Application of hybrid catalysis-mediated multi-component coupling reactions for efficient construction of densely functionalized natural products

2021 Fiscal Year Final Research Report

• Project Area: Hybrid Catalysis for Enabling Molecular Synthesis on Demand
• Project/Area Number: 17H06452
• Research Category: Grant-in-Aid for Scientific Research on Innovative Areas (Research in a proposed research area)
• Allocation Type: Single-year Grants
• Review Section: Science and Engineering
• Research Institution: The University of Tokyo
• Principal Investigator: Inoue Masayuki 東京大学, 大学院薬学系研究科(薬学部), 教授 (70322998)
• Project Period (FY): 2017-06-30 – 2022-03-31
• Keywords: ハイブリッド触媒 / 触媒・化学プロセス / 合成化学 / 全合成 / 天然物

Outline of Final Research Achievements

We utilized multicomponent coupling reactions to assemble densely functionalized natural products.

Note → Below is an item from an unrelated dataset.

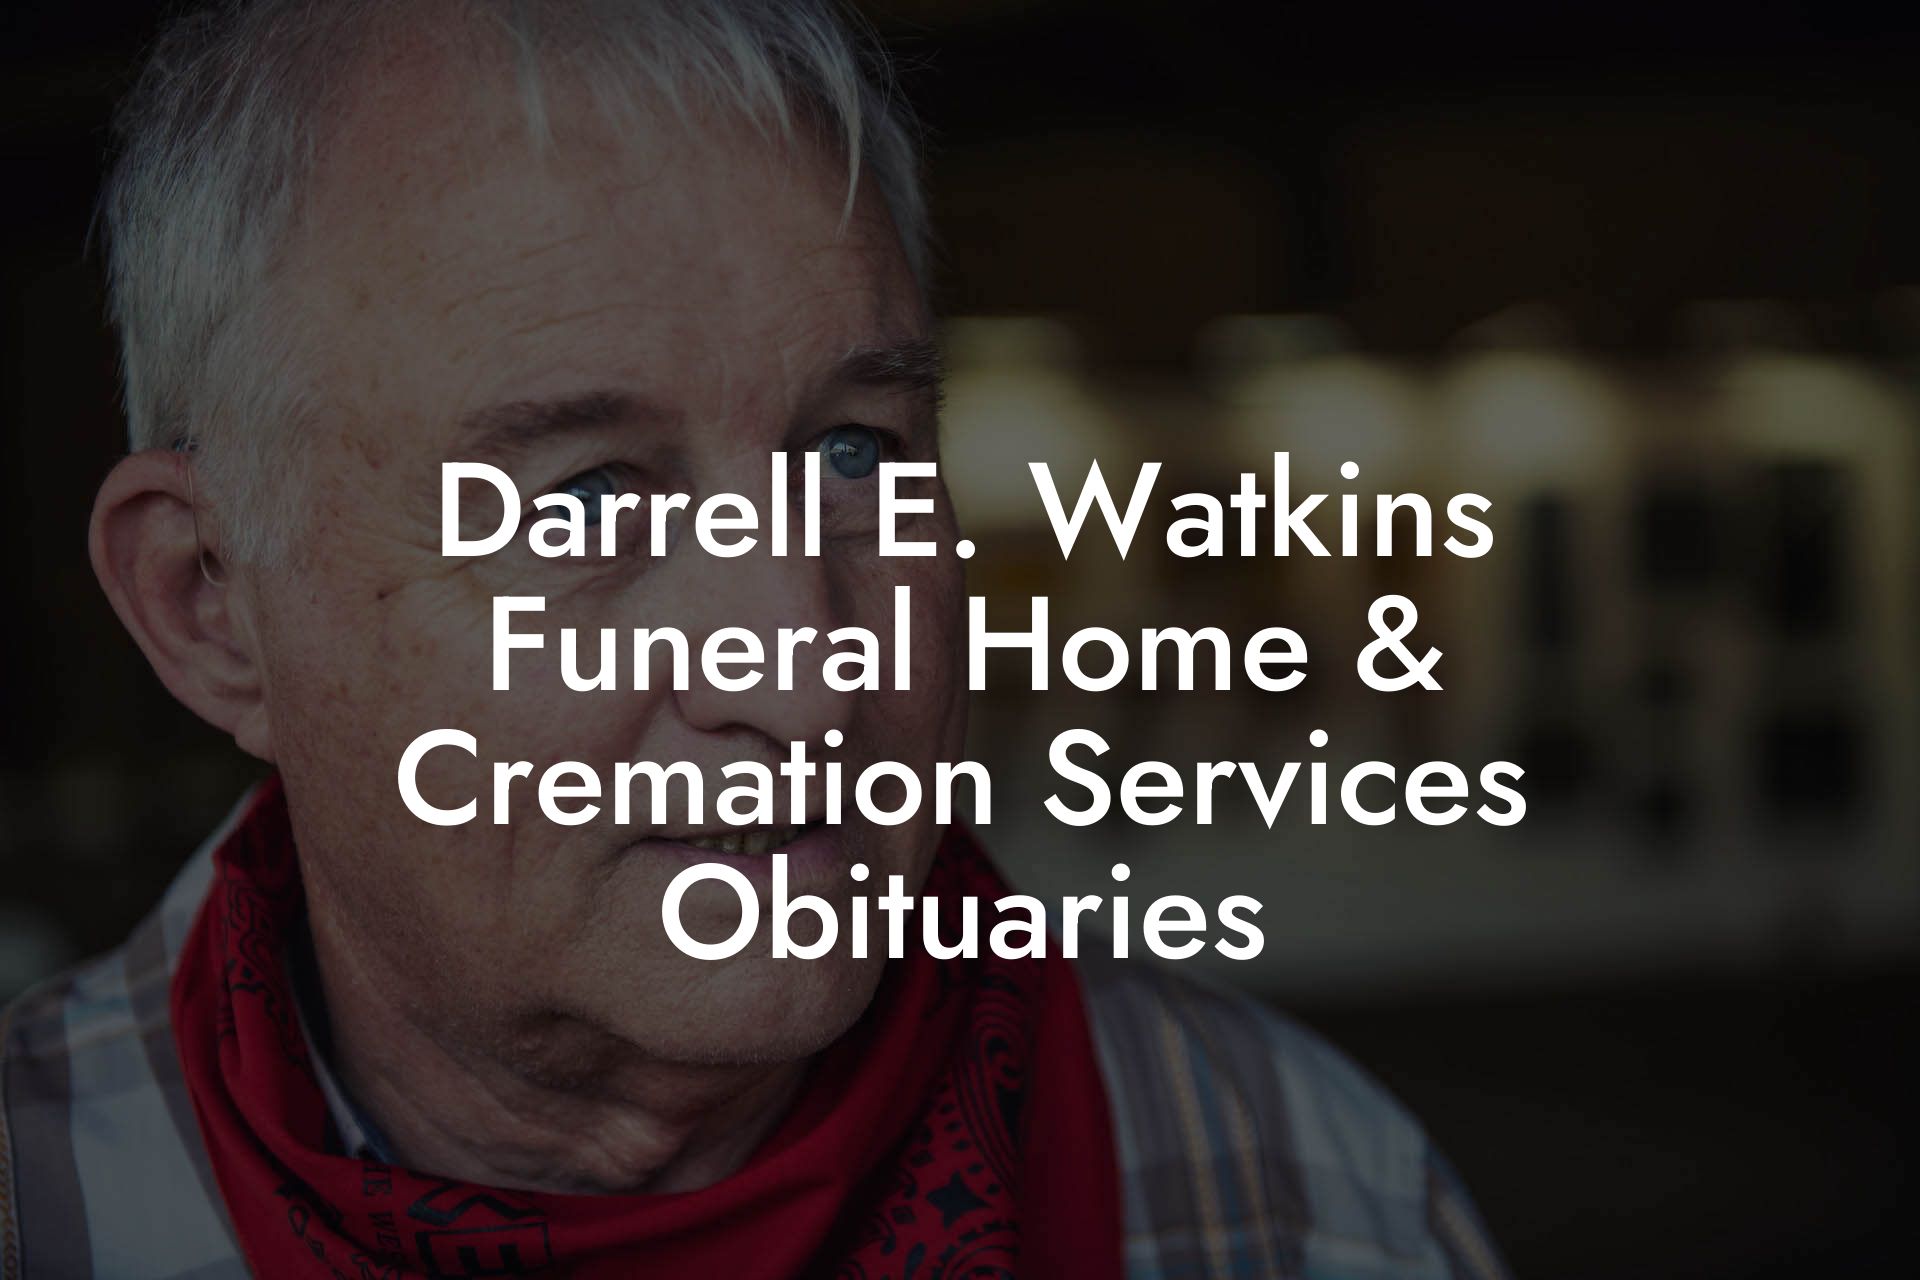 Darrell E. Watkins Funeral Home & Cremation Services Obituaries
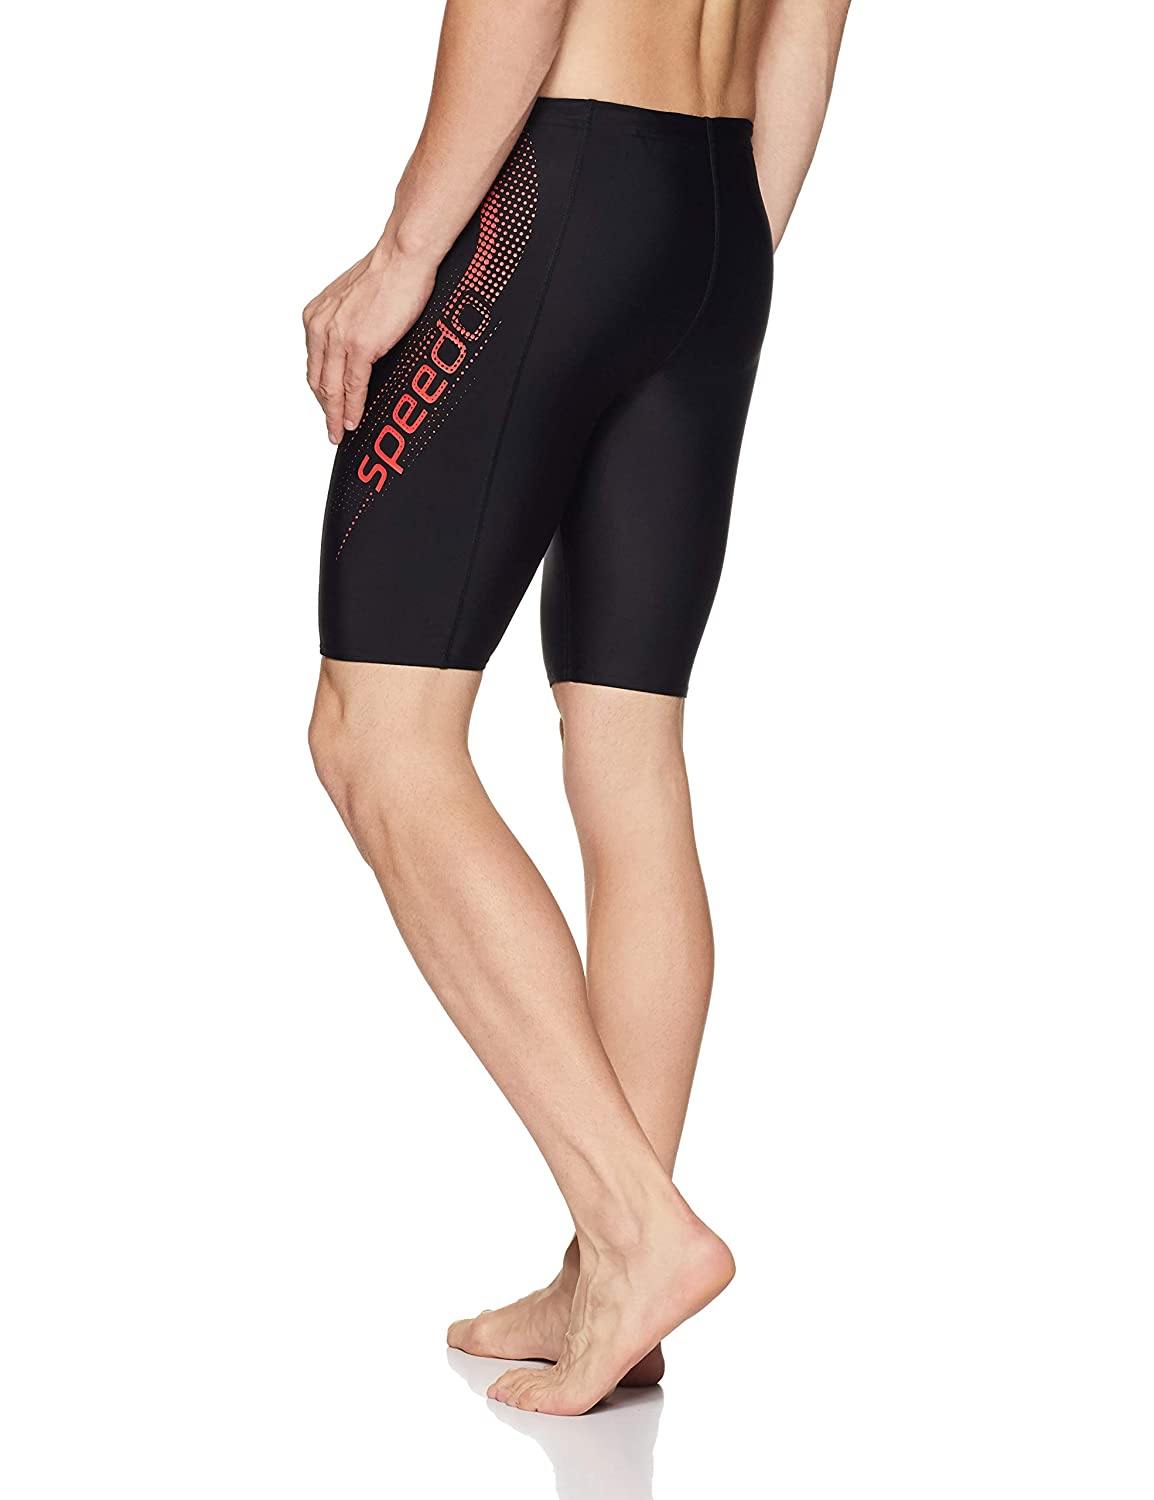 Speedo Male Swimwear Sports Logo Jammer Black - Best Price online Prokicksports.com

We developed hybrid catalysis-mediated cross-coupling, two- and three-component radical reactions, radical dimerization, photoredox-catalyzed radical cyclization, and two-component TiO2-mediated radical reactions to streamline the convergent syntheses of highly complex structures. These new strategies and tactics enabled us to minimize the functional group transformations, thereby simplifying the synthetic routes to the target structures. Consequently, we achieved the concise and efficient total syntheses of a diverse collection of densely functionalized natural products, including anticancer agent taxol. Since synthetic organic chemistry is a key science and technology for the development of new pharmaceuticals, the achievements of this project will have a significant impact on chemistry, biology, and pharmaceutical sciences.

Free Research Field

天然物合成化学、生物有機化学

Academic Significance and Societal Importance of the Research Achievements

官能基密集型天然物の効率的全合成を可能にする、数多くの新反応・新戦略を開発した。開発した収束的合成戦略は複雑な分子構造を1工程で構築できるため、新しい逆合成解析を可能とし、官能基密集型天然物の迅速な全合成に寄与し、分子の形状を自由自在に操ることができる有機合成化学を進歩させる。有機合成化学は、革新的な医薬品創出のための基幹科学技術であるため、本成果は薬学・医学・生物学などの広範な科学技術・公衆衛生分野に大きな影響を与える。